Ma'an News Agency
January 20, 2011 - 1:00am
http://www.maannews.net/eng/ViewDetails.aspx?ID=352356


The Palestinian diplomatic mission in Washington on Tuesday hoisted its national flag for the first time, a highly symbolic gesture that drew an angry response from a senior US lawmaker.

The US State Department, enmeshed in an uphill struggle to revive stalled Middle East peace talks, said that the ceremony was approved several months ago and did not change the status of the Palestinian representation in Washington.

Maen Rashid Areikat, the envoy to the headquarters of the General Delegation of the PLO to the United States, raised the flag at a ceremony watched by journalists and others, the mission said.

The statement said delegates from the State Department and Arab League Ambassador Hussein Hasouneh attended the ceremony.

"This flag symbolizes the struggle of the Palestinian people for independence," Areikat was quoted by his mission as saying.

The flag "also is a clear message that the Palestinian people and the PLO are central players in the equation of the Middle East, without whom there will be no peace, security and stability in the region," he said.

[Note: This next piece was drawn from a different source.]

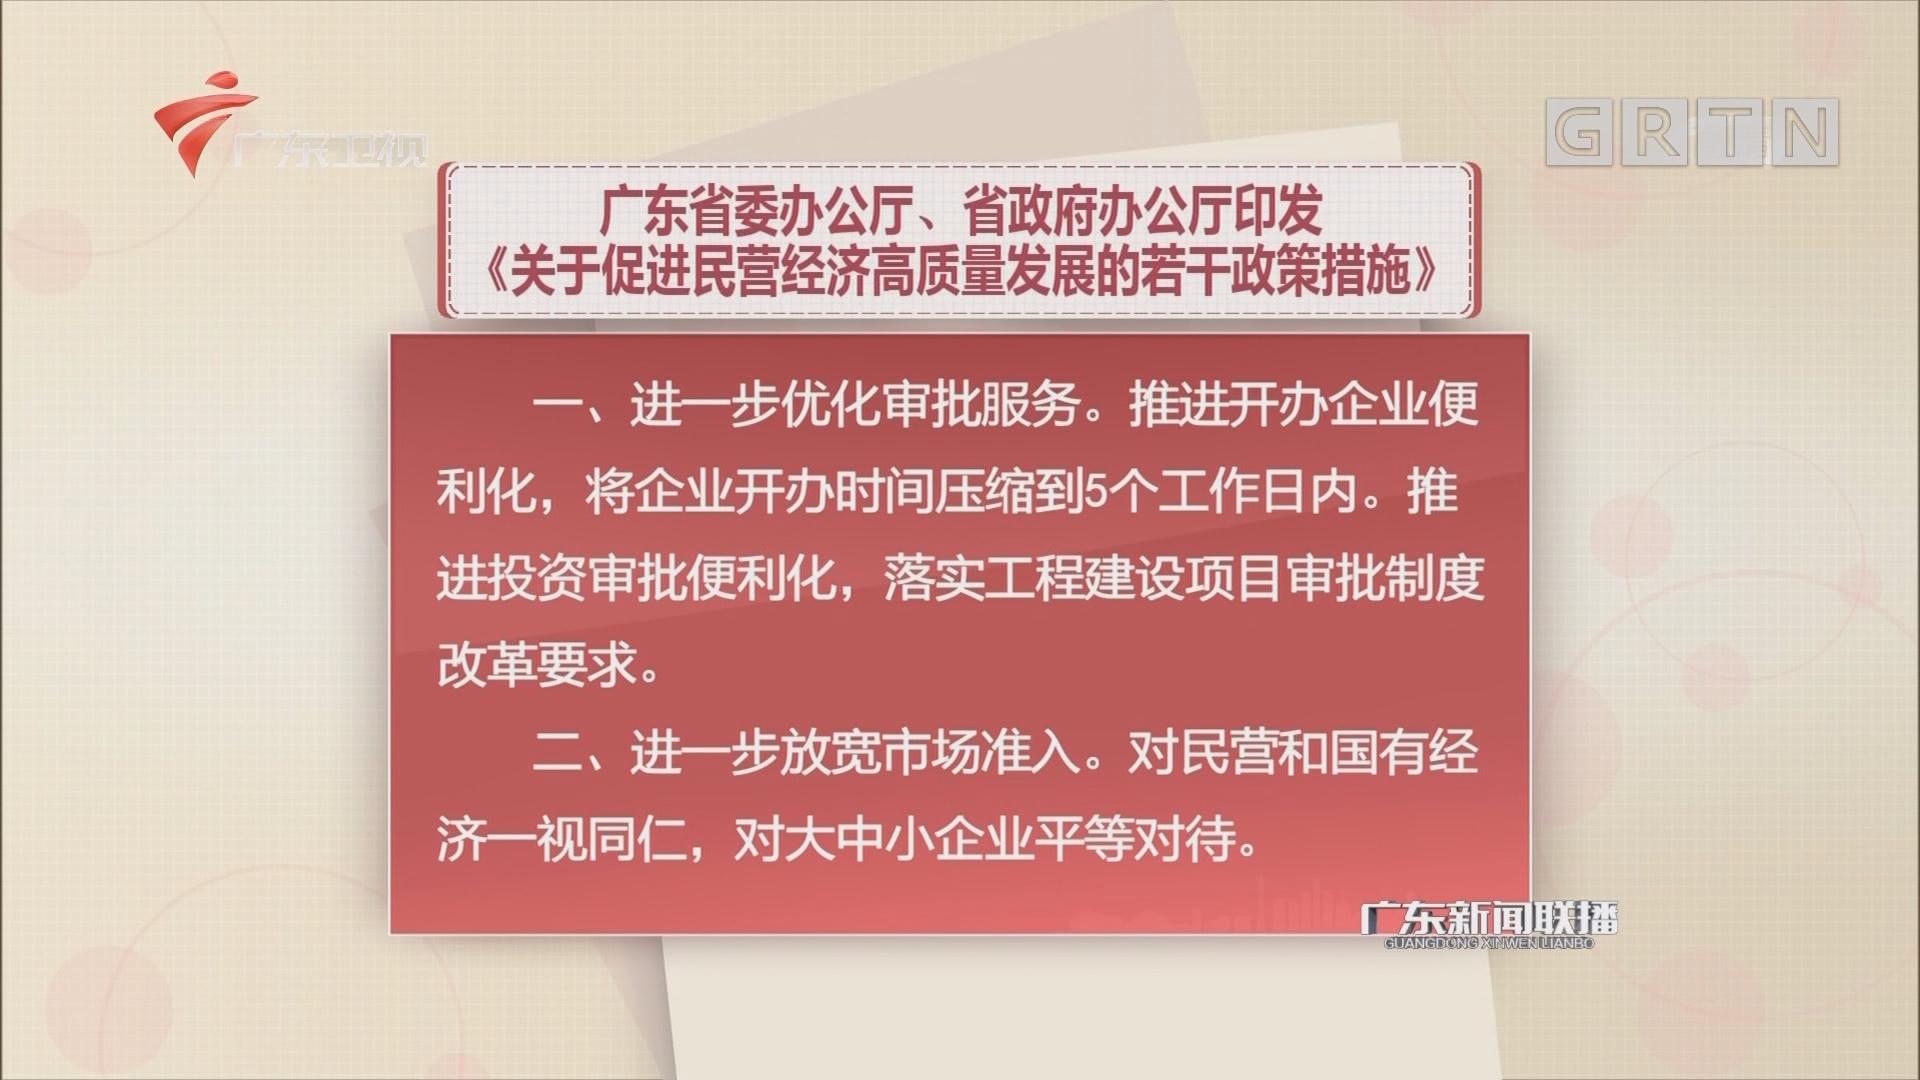 广东省委办公厅、省政府办公厅印发《关于促进民营经济高质量发展的若干政策措施》

But House Foreign Affairs Committee Chair Ileana Ros-Lehtinen, a Republican, blasted the move as "part of the Palestinian leadership's scheme to manipulate international acceptance and diplomatic recognition" of their future state.

The lawmaker charged that US President Barack Obama's administration was rewarding the Palestinians, whom she accused of refusing to negotiate with Israel while seeking "shortcuts to statehood."

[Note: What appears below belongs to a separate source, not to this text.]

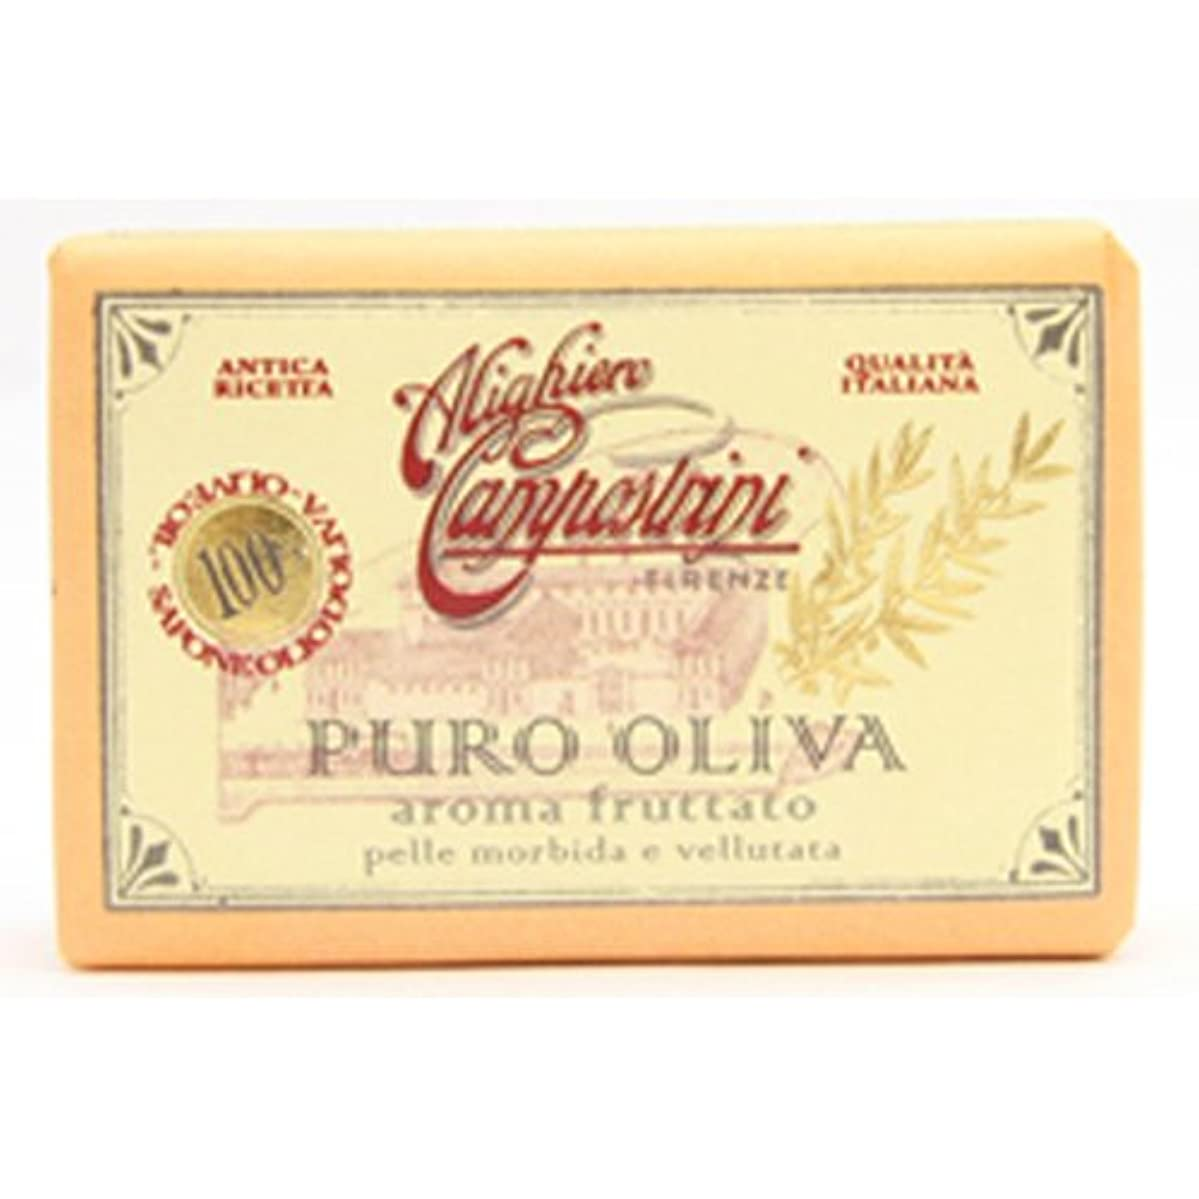 うなり声緑炎上Saponerire Fissi サポネリーフィッシー PURO OLIVA Soap オリーブオイル ピュロ ソープ Aroma fruttato フルーツ(オレンジ)

"Governments worldwide will interpret such actions as tacit US recognition of a Palestinian state. These actions send precisely the wrong message to foreign governments," said Ros-Lehtinen.

US State Department spokesman Philip Crowley said: "The granting permission to raise the flag does not change their fundamental status."

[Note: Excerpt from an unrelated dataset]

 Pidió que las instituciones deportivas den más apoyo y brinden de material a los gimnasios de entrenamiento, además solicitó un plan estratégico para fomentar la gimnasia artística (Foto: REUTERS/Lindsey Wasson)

The move came after direct US-brokered peace talks between Israel and the Palestinians ground to a halt late last year over Israel's refusal to renew a partial freeze on Jewish settlements on Palestinian land.

It also came as Arab nations prepare to formally put a resolution to the UN Security Council on Tuesday demanding a condemnation of Israel's settlement building in Palestinian territories.

But no vote was expected for several days as Palestinian and other Arab negotiators try to persuade the US administration not to veto the resolution, diplomats said.

"Our view hasn't changed ... We do not think that New York or the UN Security Council is the right forum for this issue, and we'll continue to make that case," Crowley said.

"I'm not going to speculate on what happens from this point forward," he said when asked about a possible US veto.

A senior State Department official told reporters on the condition of anonymity that the Palestinians have "been told we think this is a bad idea ... We're encouraging them not to move this forward."